Pillar III assesses the time and cost of registering a business, using a methodology designed to ensure comparability across economies. It evaluates firm flexibility through four indicators, each scored from 0 to 100 based on service delivery outcomes. To standardize the assessment, the Business Entry topic applies specific parameters—including the legal form of the company, its start-up capital, firm size, and its location in the largest business city—so that differences in incorporation procedures across company types, sizes, and locations are appropriately accounted for.
As part of these refinements, the B-READY methodology has evolved for 2026 with more precise definitions of firm size. While both the 2025 and 2026 assessments measure the time and cost to establish the most common Limited Liability Company (LLC), the key change lies in:
- In B-READY 2025, domestic and foreign firms were defined using capital thresholds tied to GNI per capita (5× GNI per capita for domestic firms and 10× for foreign firms).
- In B-READY 2026, firm profiles are standardized to better reflect medium-sized enterprises.
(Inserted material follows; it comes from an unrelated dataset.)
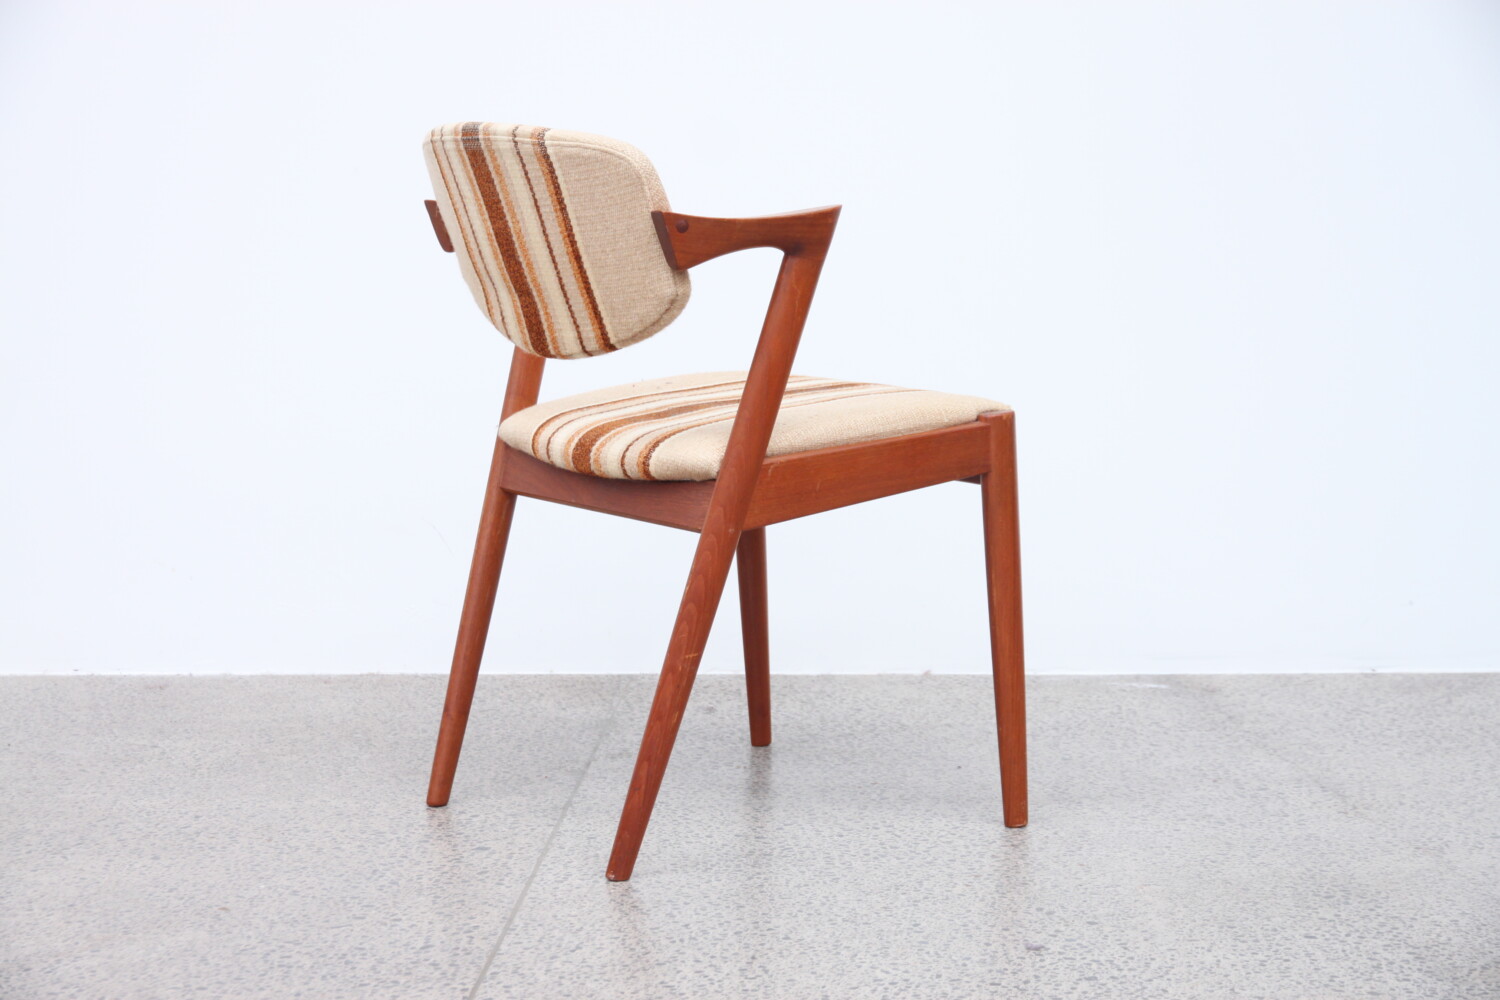 Z Chair by Kai Kristiansen sold

Domestic firms retain a capital of 5× GNI per capita (or a fixed USD 13,936 in high-income economies) and now explicitly have 5 shareholders and 5 employees. Foreign firms shift to a fixed capital of USD 500,000, with 5 shareholders and 12 employees.
Experts report the actual time required to complete all steps of business registration for both domestic and foreign firms, covering pre-incorporation, incorporation, and post-incorporation procedures. Individual expert estimates of time and cost are aggregated using the median and then converted into the final indicator score through a linear transformation. For further details on the scoring approach, please refer to Annex B of the Methodology Handbook.